_RECORDS SUPPLIED_.
===
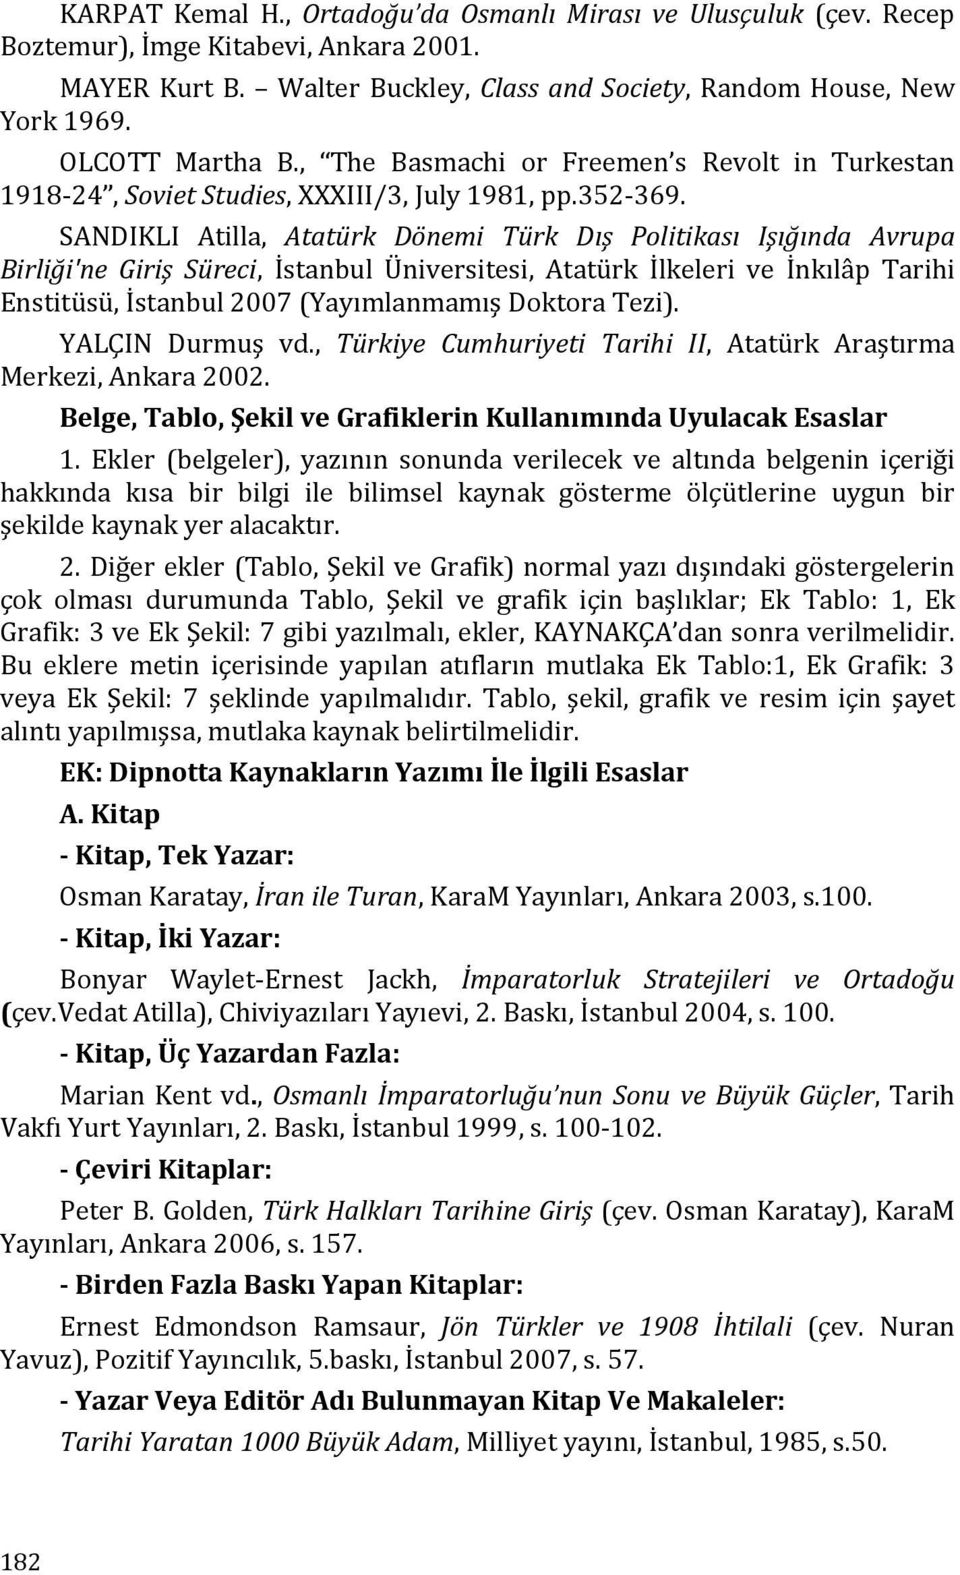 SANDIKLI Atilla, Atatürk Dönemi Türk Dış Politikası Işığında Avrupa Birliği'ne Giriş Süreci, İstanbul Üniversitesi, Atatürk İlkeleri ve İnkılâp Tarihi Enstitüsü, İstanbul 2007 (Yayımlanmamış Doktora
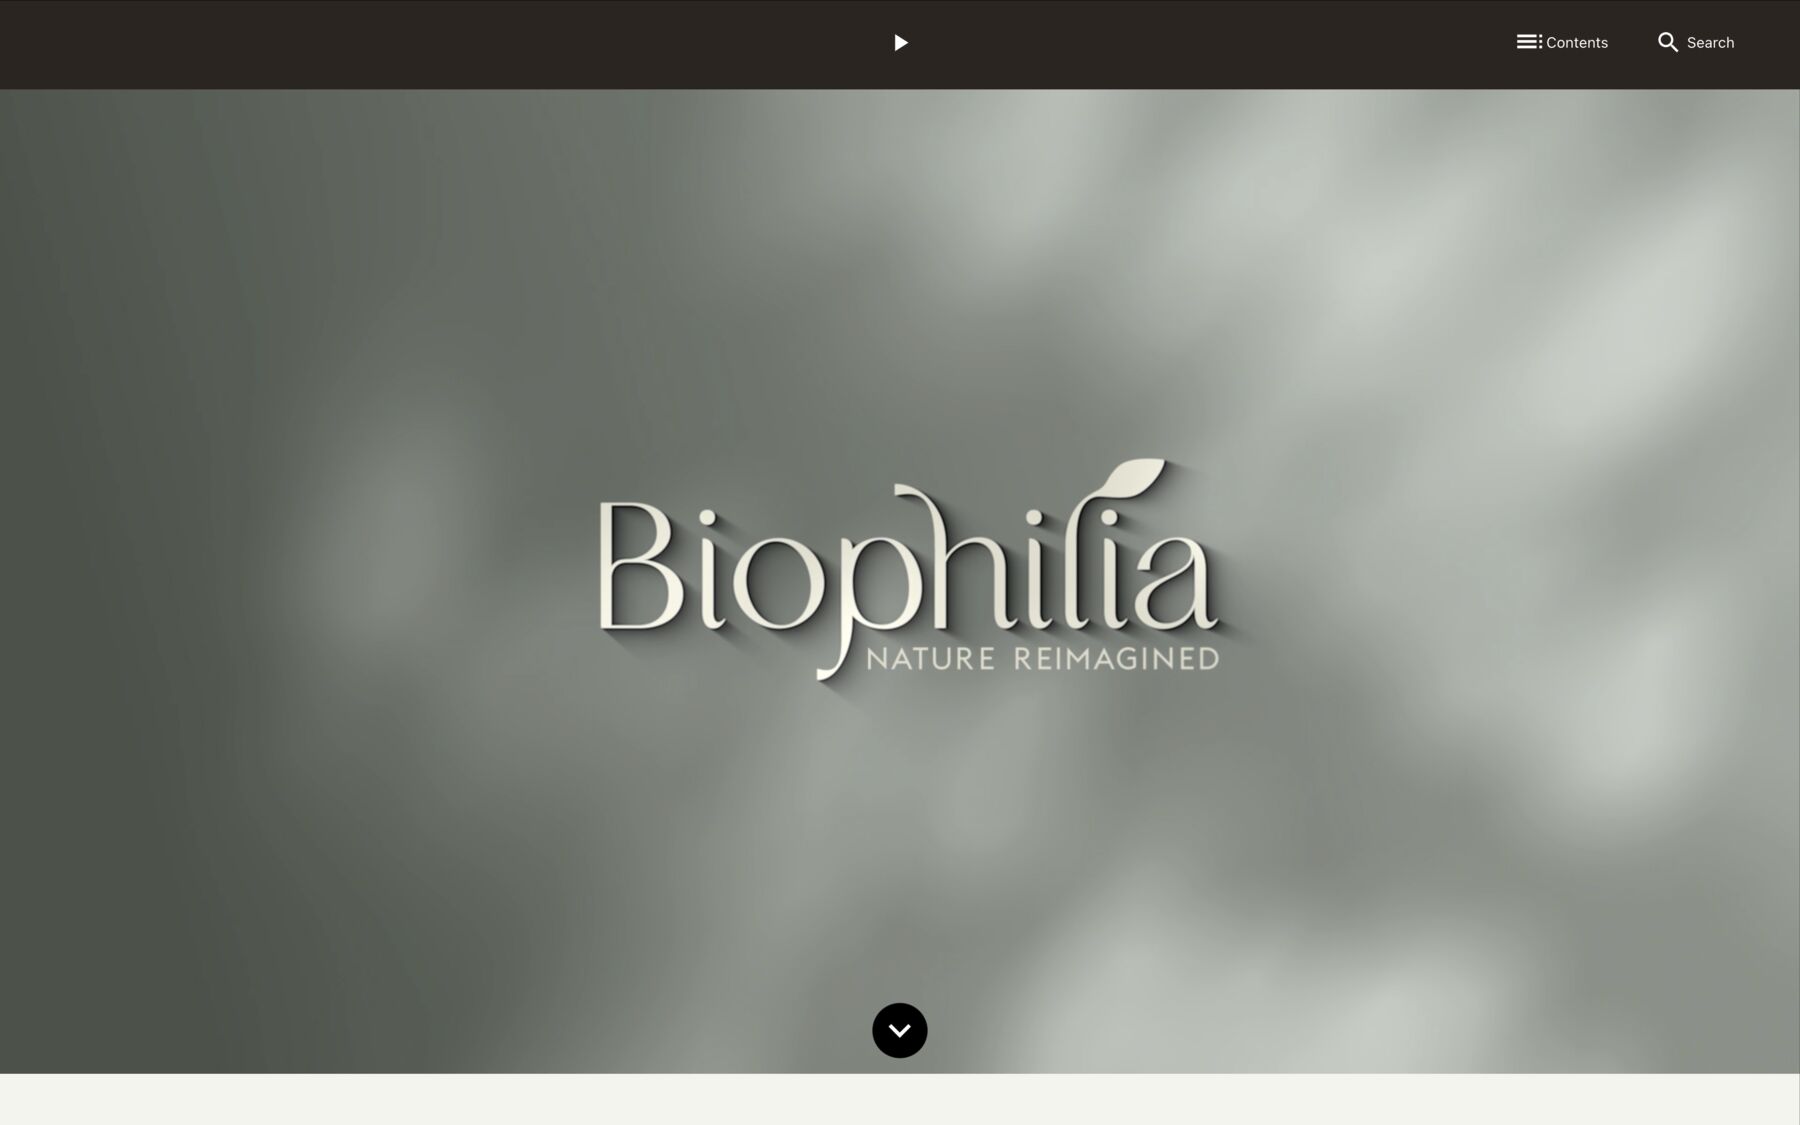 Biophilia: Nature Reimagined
===
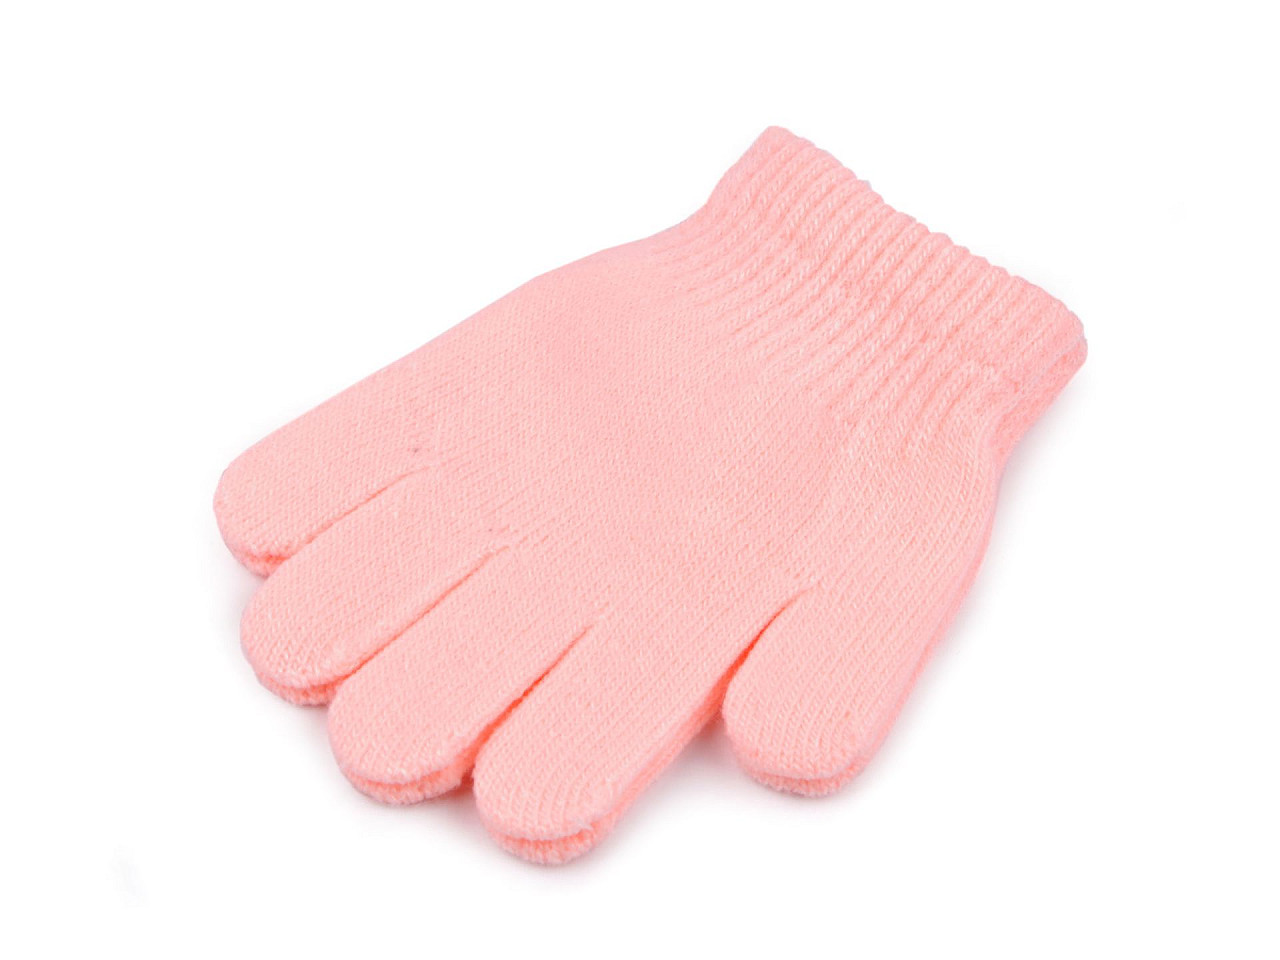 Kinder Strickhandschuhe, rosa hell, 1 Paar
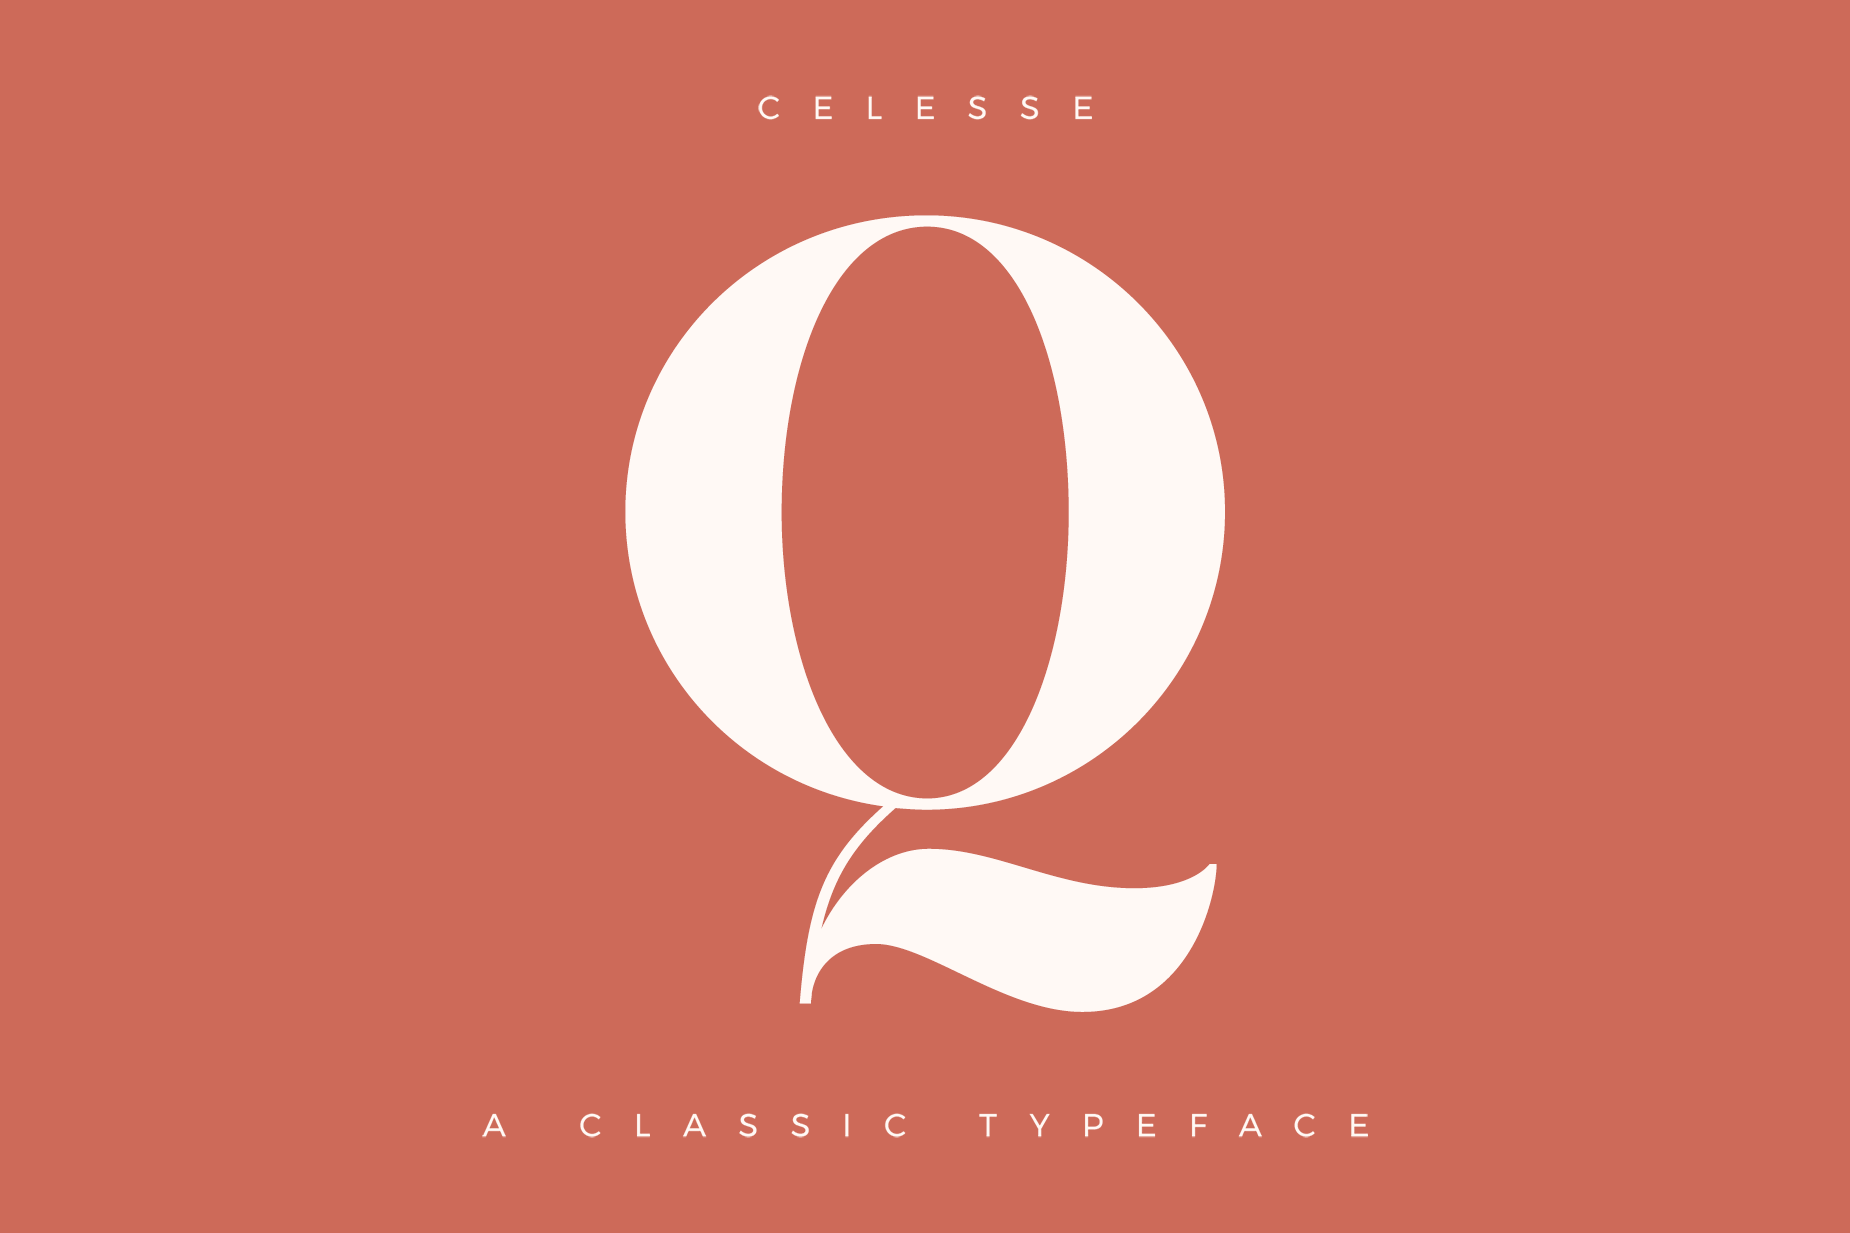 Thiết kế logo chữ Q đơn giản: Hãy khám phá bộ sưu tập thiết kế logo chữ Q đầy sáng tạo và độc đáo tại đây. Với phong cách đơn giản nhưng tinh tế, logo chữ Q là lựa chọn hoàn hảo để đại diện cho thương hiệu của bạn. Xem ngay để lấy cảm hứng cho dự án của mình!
===
_YOUR ASSIGNMENT_. What you write must match the listing exactly, from the line with "SANDIKLI Atilla, Atatürk" up to and including the line with "Biophilia: Nature Reimagined". Pictures stay out.

_TASK ANSWER_.
 SANDIKLI Atilla, Atatürk Dönemi Türk Dış Politikası Işığında Avrupa Birliği'ne Giriş Süreci, İstanbul Üniversitesi, Atatürk İlkeleri ve İnkılâp Tarihi Enstitüsü, İstanbul 2007 (Yayımlanmamış Doktora
 Biophilia: Nature Reimagined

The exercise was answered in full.